C.A: “I don’t complain, because I know in that fight, he didn’t beat me. He got the decision, but he didn’t beat me. It’s like Joe Calzaghe’s record, he didn’t beat some fighters he fought but he got the decision over them – Robin Reid, for example. He didn’t beat him; he got the decision. That’s how you have to basically put it. Too much is made of unbeaten records. They pick and choose who they’re gonna fight, and then they wonder why people don’t respect them.”

Q: I’ve got to ask you about the Dennis Andries fight. How tough was he? You knocked him down early before he stopped you…

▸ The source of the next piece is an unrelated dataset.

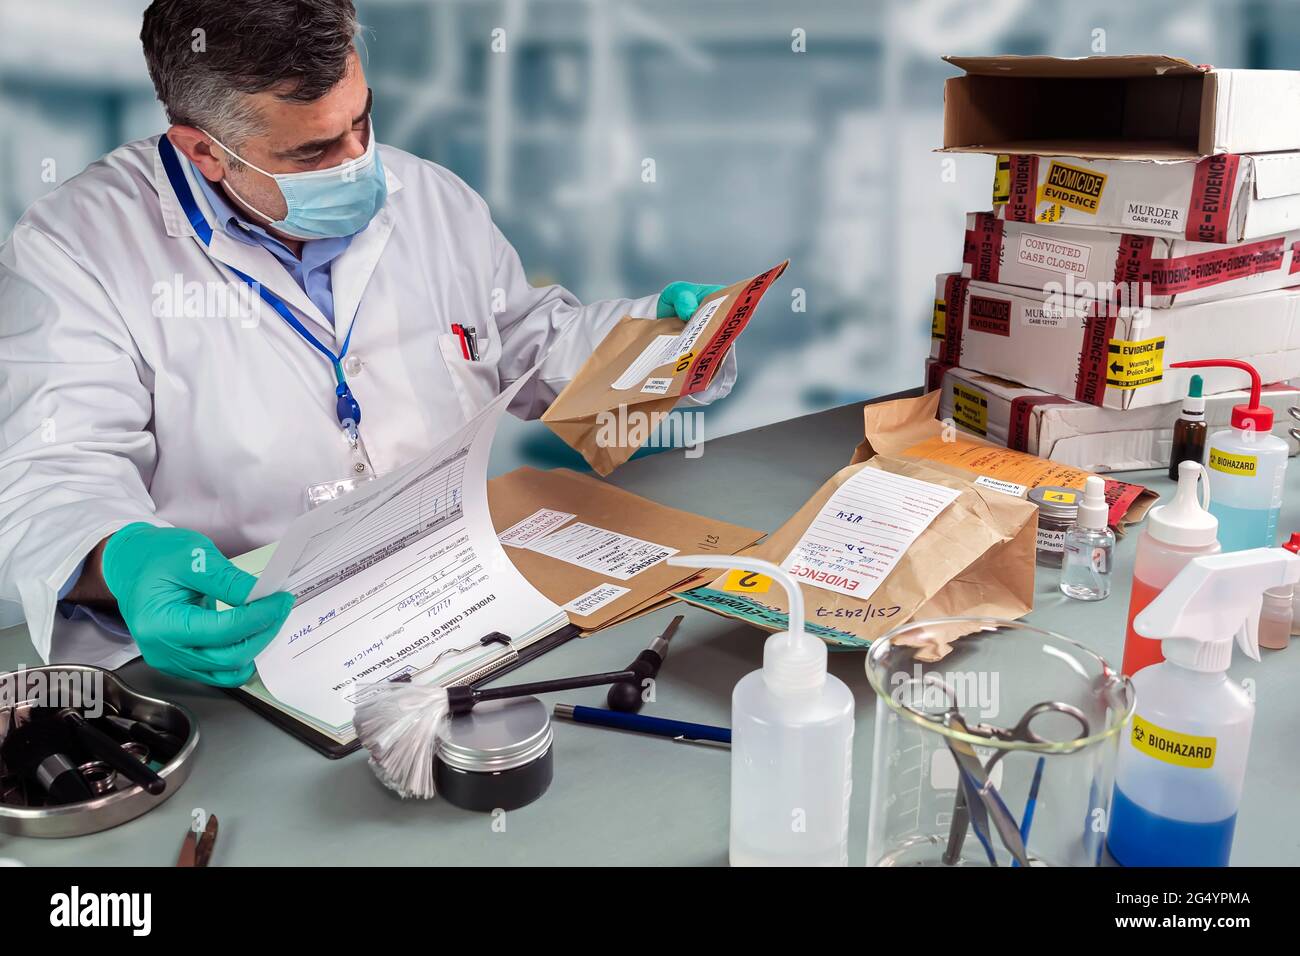 Forensic police check files against evidence in crime lab, conceptual image Stock Photo

C.A: “I tell you; I had a migraine attack in the dressing room. I had blind spots; it was like a big hole. But I don’t do things like pull out. I’m a fighter. Someone asked me after the Nunn fight why I didn’t stay down? I said, ‘because if I had done, you wouldn’t be speaking to me now.’”

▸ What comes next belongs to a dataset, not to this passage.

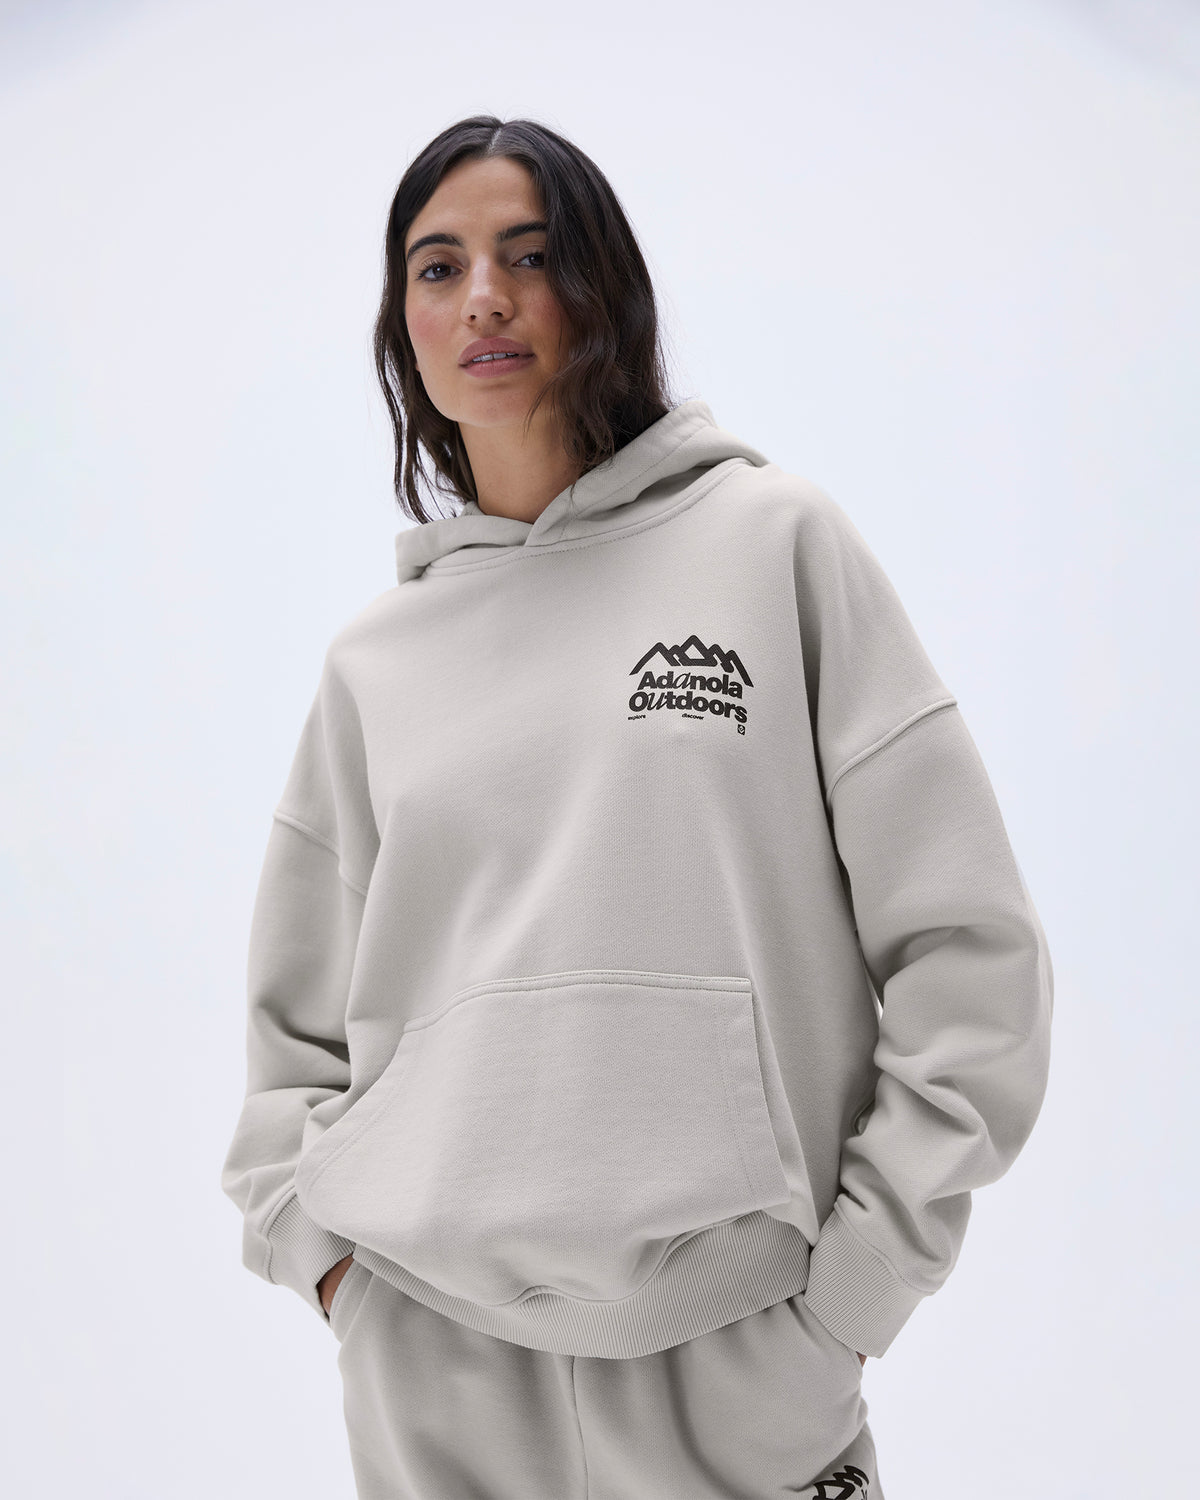 Discover Washed Oversized Hoodie - Stone

Q: Was there talk of you fighting Thomas Hearns during your career?

C.A: “Three times, and three times he pulled out. I went over to Detroit to do a press conference, but it was just b*****s. But when I looked in his eyes, he was dead. He was a shell of a man. And he was smaller than me. I’d have beaten him, no doubt. He was a legend and it would have been nice to share a ring with him, to end his career for him, but I wouldn’t have wanted to take any credit for it.”

Q: When you look back, do you have any regrets about your career?

C.A: “No. I was thinking about this earlier. All the people I fought; it was because I wanted to fight them. Nobody wanted to fight me. And I can’t make people fight me if they don’t wanna fight me. So I fought the best in my era. I’m glad I knew where I stood. After the Nunn fight, at the press conference, there were a few world champions sat there, Terry Norris, Orlin Norris as well, and a couple of others, and they gave me a standing ovation. [I’m thinking] Now I know I’m a boxer that’s allowed to stand with the elite. The manner of love that was shown to me after the fight, I couldn’t believe it. And I lost the fight (laughs).

“That’s what I tell boxers today – if you fight hard, they’ll like you, you’ll win them over. The Rocchigiani fight, I walked in there to an environment that was very, very hostile. Somebody actually said it was the worst atmosphere he’d ever walked into. But coming out, it was completely different, the atmosphere had really changed. From hate to love.”